Task prompt:
Go through the records below and report each line with "sqrt" in it.

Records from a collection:
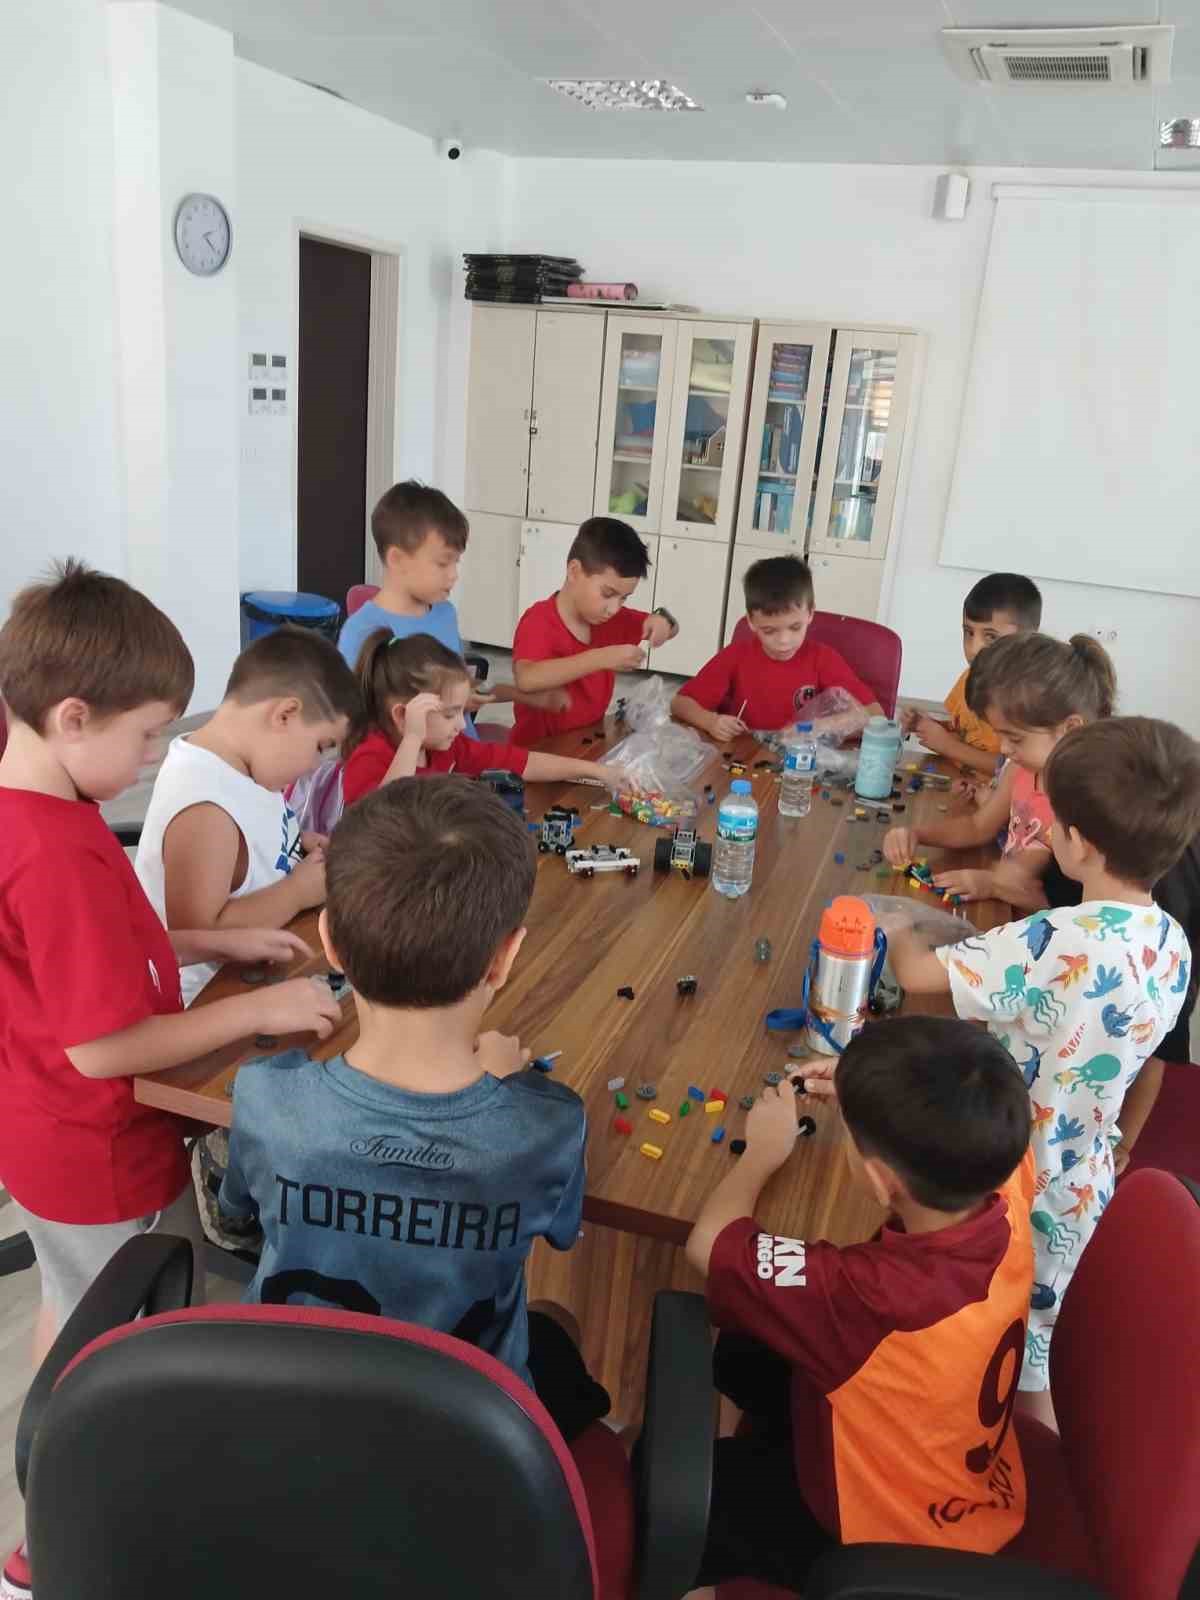 Muğla’da çocuklar kültürden sanata ve spora yazı eğlenceli geçiriyor
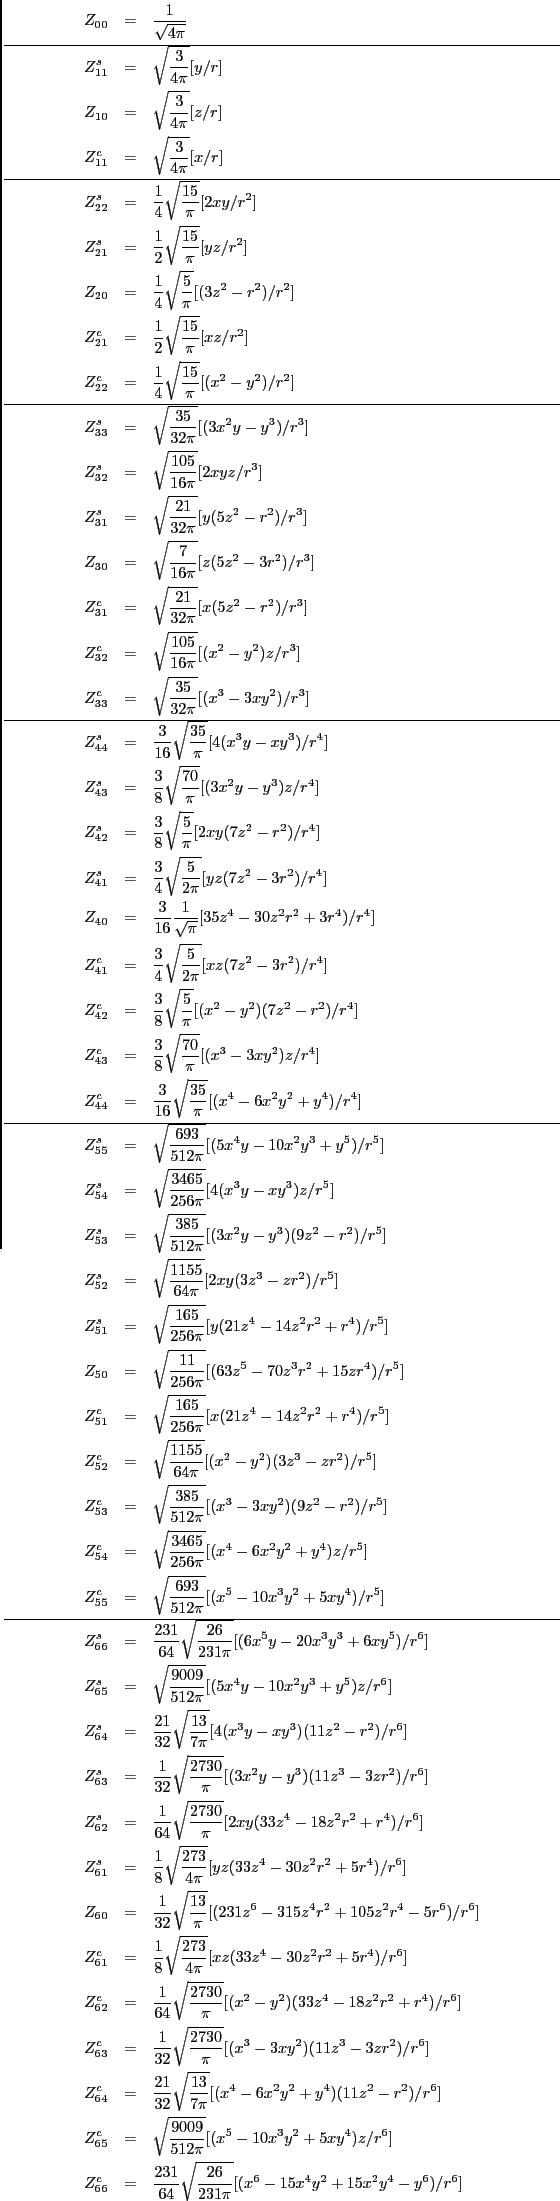 \begin{eqnarray*}
Z_{00}&=&\frac{1}{\sqrt{4\pi}}\\
\hline
Z^s_{11}&=&\sqrt{\fra...
...1}{64}\sqrt{\frac{26}{231\pi}}[(x^6-15x^4y^2+15x^2y^4-y^6)/r^6]
\end{eqnarray*}
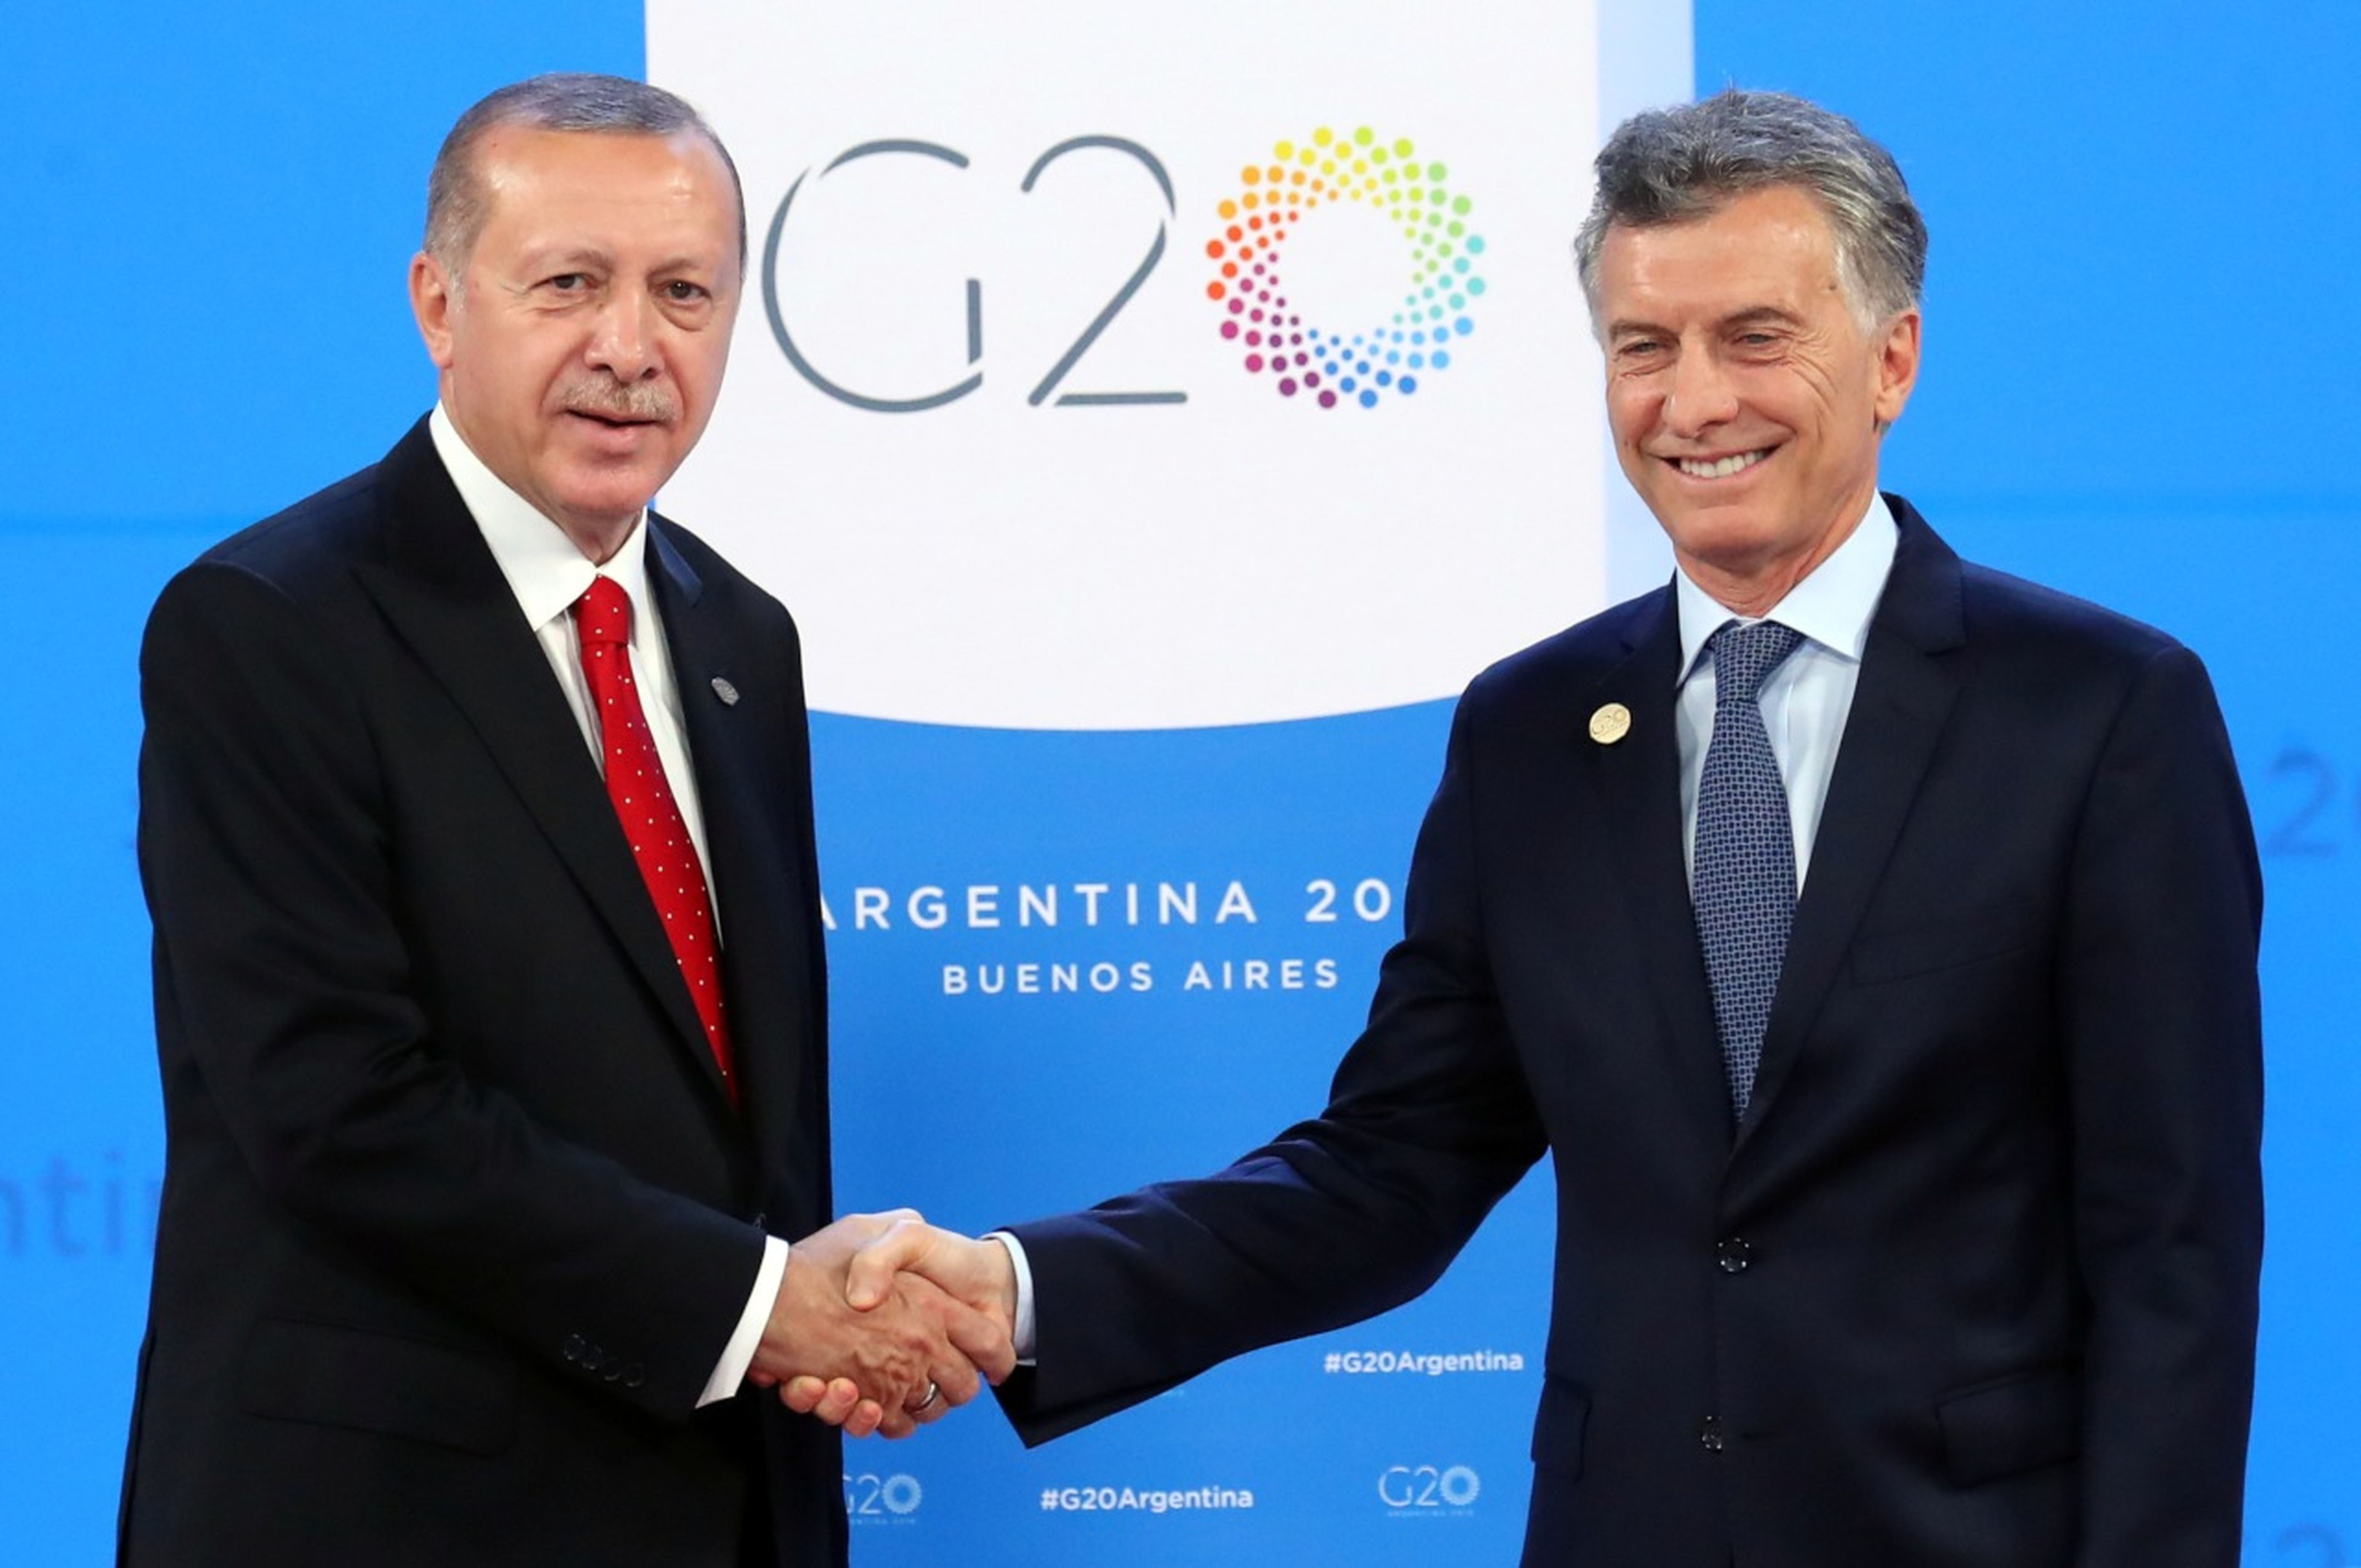 El presidente turco, Recep Tayyip Erdogan, y su homólogo argentino, Mauricio Macri

Output below:
Z_{00}&=&\frac{1}{\sqrt{4\pi}}\\
Z^s_{11}&=&\sqrt{\fra...
...1}{64}\sqrt{\frac{26}{231\pi}}[(x^6-15x^4y^2+15x^2y^4-y^6)/r^6]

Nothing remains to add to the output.